Alright. let's translate that into code:

function filter<T>(xs: T[], func: (x: T) => boolean): T[] {
  const res: T[] = []
  for (const x of xs) {
    if (func(x)) {
      res.push(x)
    }
  }
  return res
}

At a first glance this might look confusing since we've sprinkled in our T type here and there. However overall it should look quite familiar. Let's take a closer look into how this implementation works.

In the first line we define our filter function as a function which takes an array named xs of type T and a function called func which takes a parameter x of type T and returns a boolean. Our function filter then returns a resulting array which is also of type T, since it's basically a subset of elements of our original array xs.

The code inside the function body is pretty much the same as before with the exception that our intermediary res array also needs to be of type T.

There's one little detail we haven't talked about yet. There's this <T> at the beginning of the function. What does that actually do?

Well our compiler doesn't really know what the type T might be at the end of the day. And it doesn't really care that much whether it's a string, a number or an object. It only needs to know that it's "some placeholder" type. We programmers have to tell the compiler that we're abstracting the type away via Generics here. So in TypeScript for example we use the syntax <TheTypePlaceHolder> right after the function names to signal the compiler that we want our function to be able to deal with lots of different types (to be generic). Using T is just a convention. You could use any name you want as your "placeholder type". If your functions deals with more than one generic type you'd just list them comma-separated inside the <> like this: <A, B>.
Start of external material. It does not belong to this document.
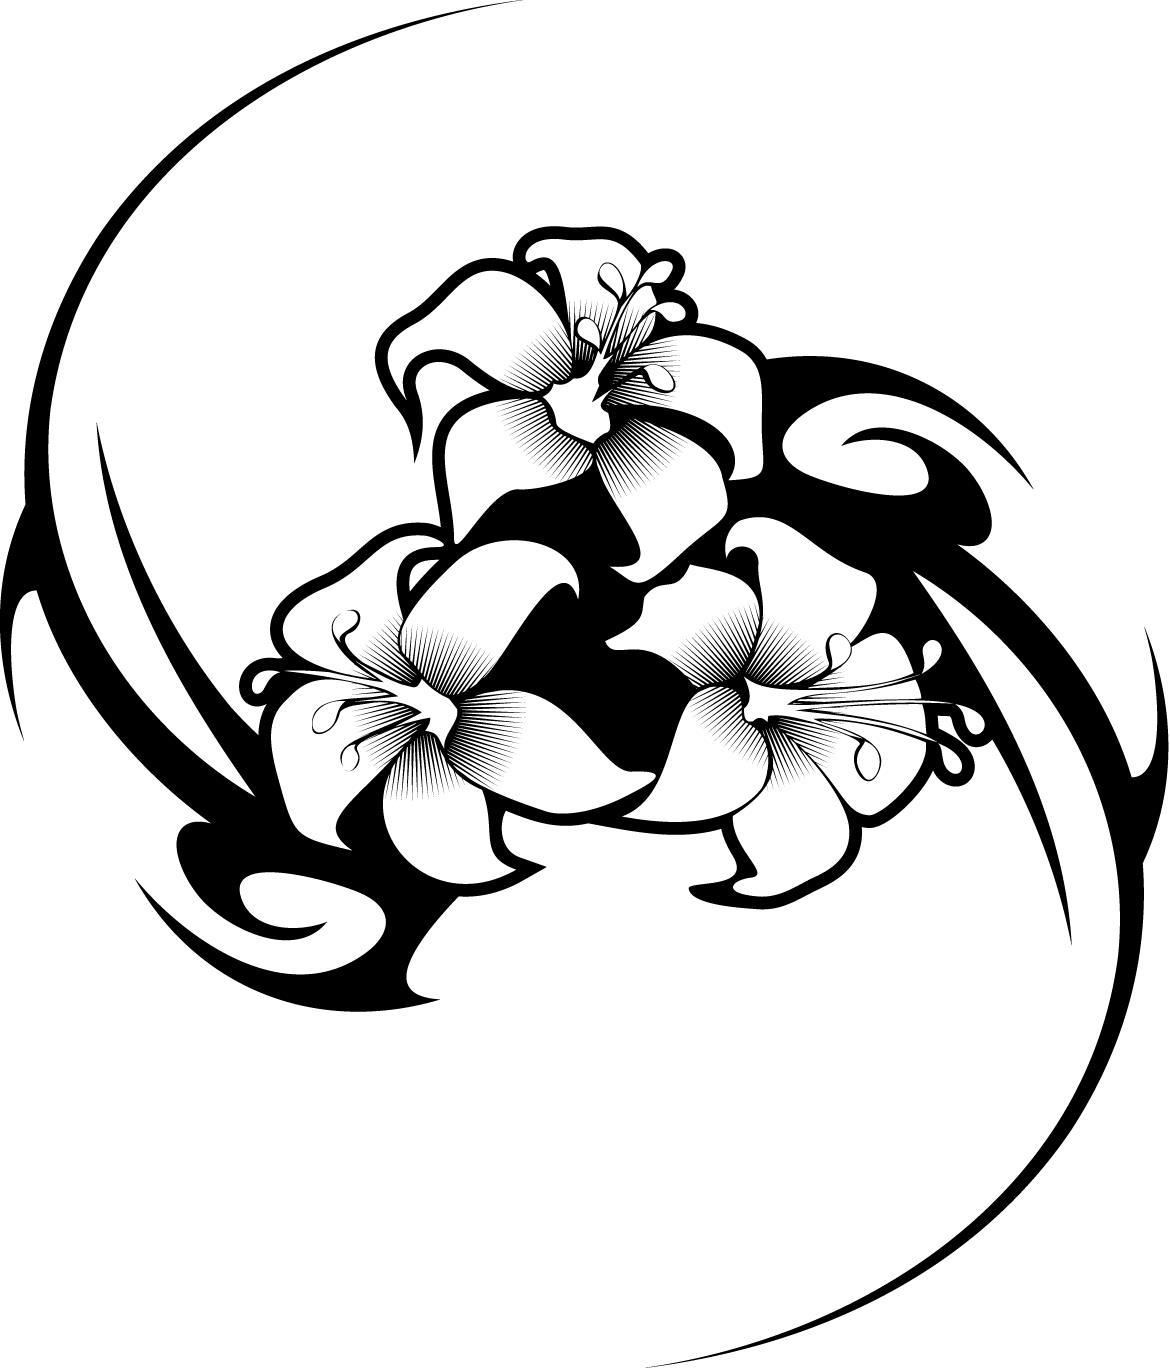 Hibiscus Flower Tribal Tattoo Designs Free Image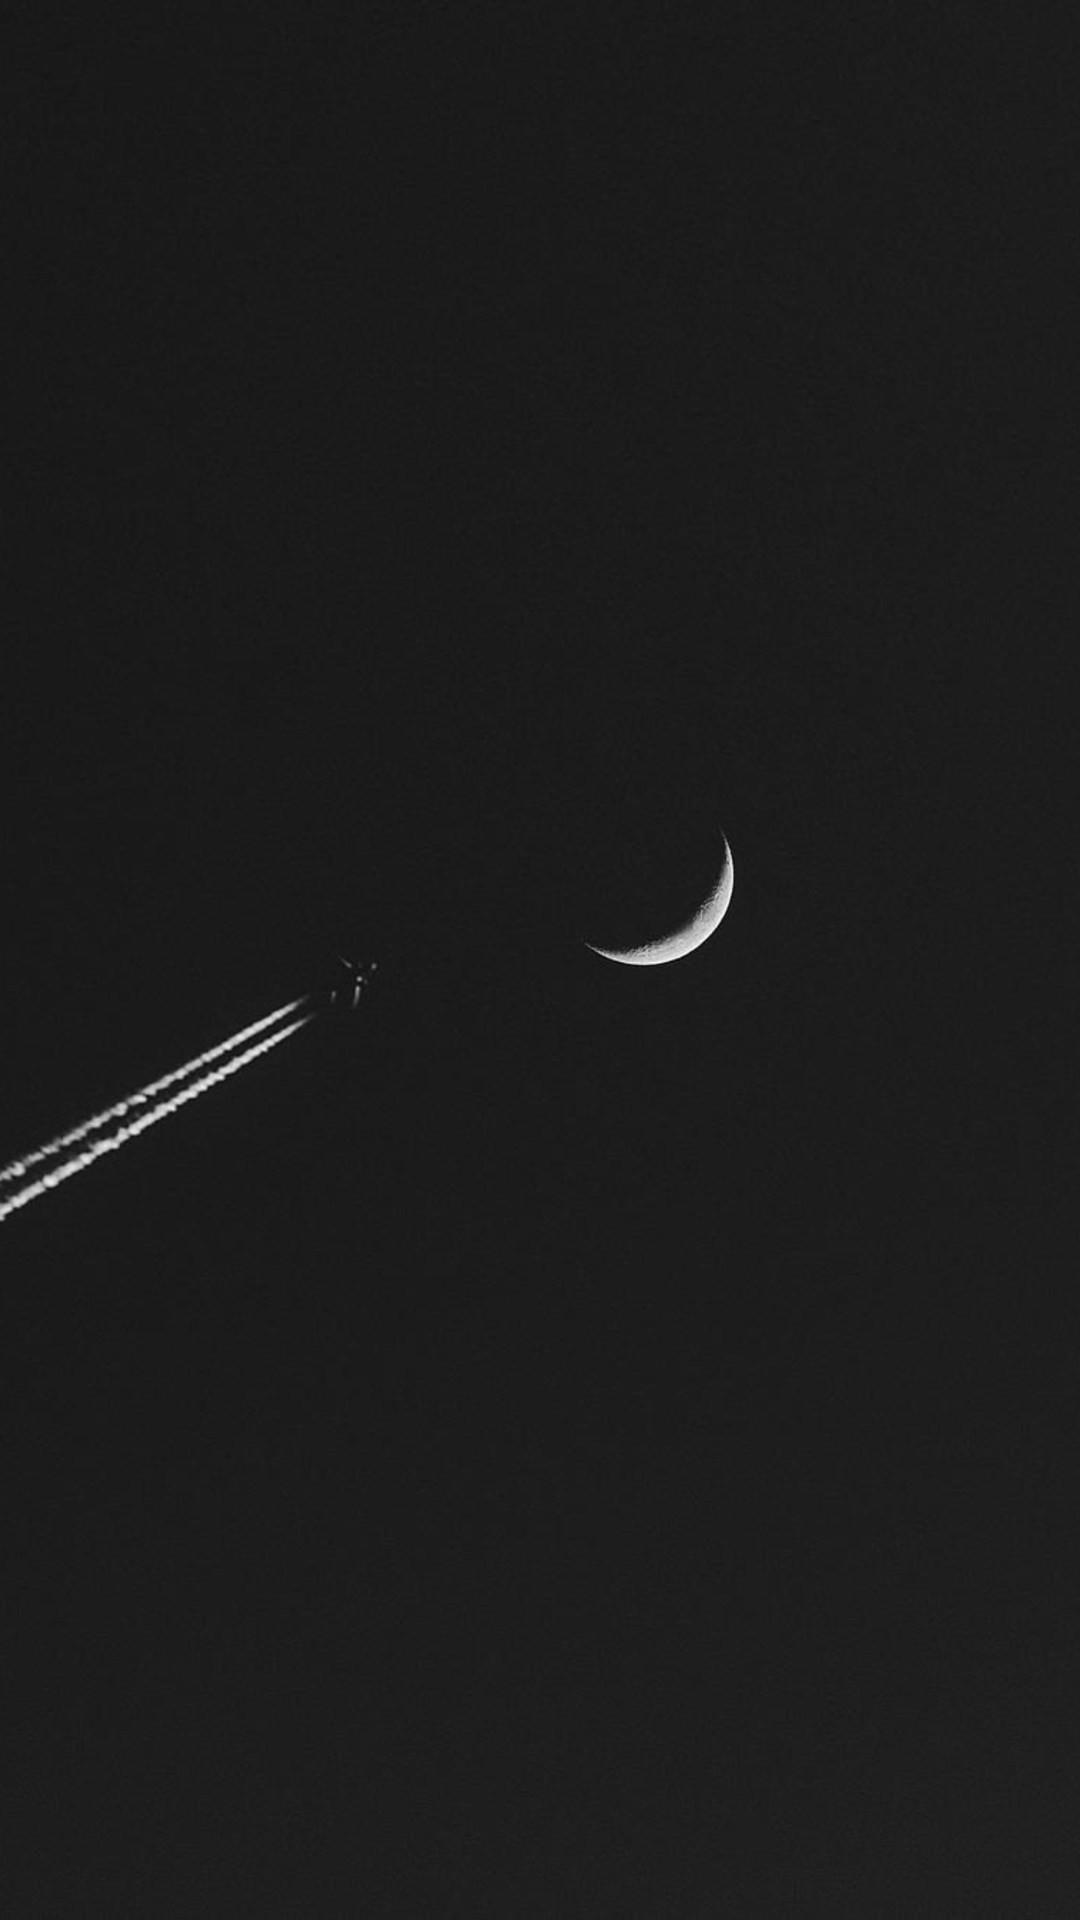 Airplane Moon Minimalism Wallpaper  1080x1920

That's pretty much all we have to do to turn our limited, number-focused filter function into a generic function which can deal with all kinds of types. Let's see if it works with our numbers and names arrays:

let res

// using `filter` with numbers and our `isEven` function
res = filter(numbers, isEven)
console.log(res)
// --> [2, 4, 6]

// using `filter` with strings and our `startsWithA` function
res - filter(names, startsWithA)

console.log(res)
// --> ['Alice', 'Alex', 'Anthony']

Awesome! It works!

Function signatures as documentation

One of the many benefits of using a type system is that you can get a good sense of what the function will be doing based solely on its signature.

Let's take the function signature from the beginning of the post and see if we can figure out what it'll be doing:

function foo<A, B>(xs: A[], func: (x: A) => B): B[] {
  /* ... */
}

The first thing we notice is that it's a generic function as we're dealing with 2 "type placeholders" A and B here. Next up we can see that this function takes in an array called xs of type A and a function func which takes an A and turns it into a B. At the end the foo function returns an array of type B,

Take a couple of minutes to parse the function signature in order to understand what it's doing.

Do you know how this function is called? Here's a tip: It's also one of those functions from the realm of functional programming used on e.g. arrays.

Here's the solution: The function we called foo here is usually called map as it iterates over the elements of the array and uses the provided function to map every element from one type to the other (note that it can also map to the same type, i.e. from type A to type A).

I have to admit that this was a rather challenging question. Here's how map is used in the wild:

const number = [1, 2, 3, 4, 5, 6]
const numToString = (num: number): string => num.toString()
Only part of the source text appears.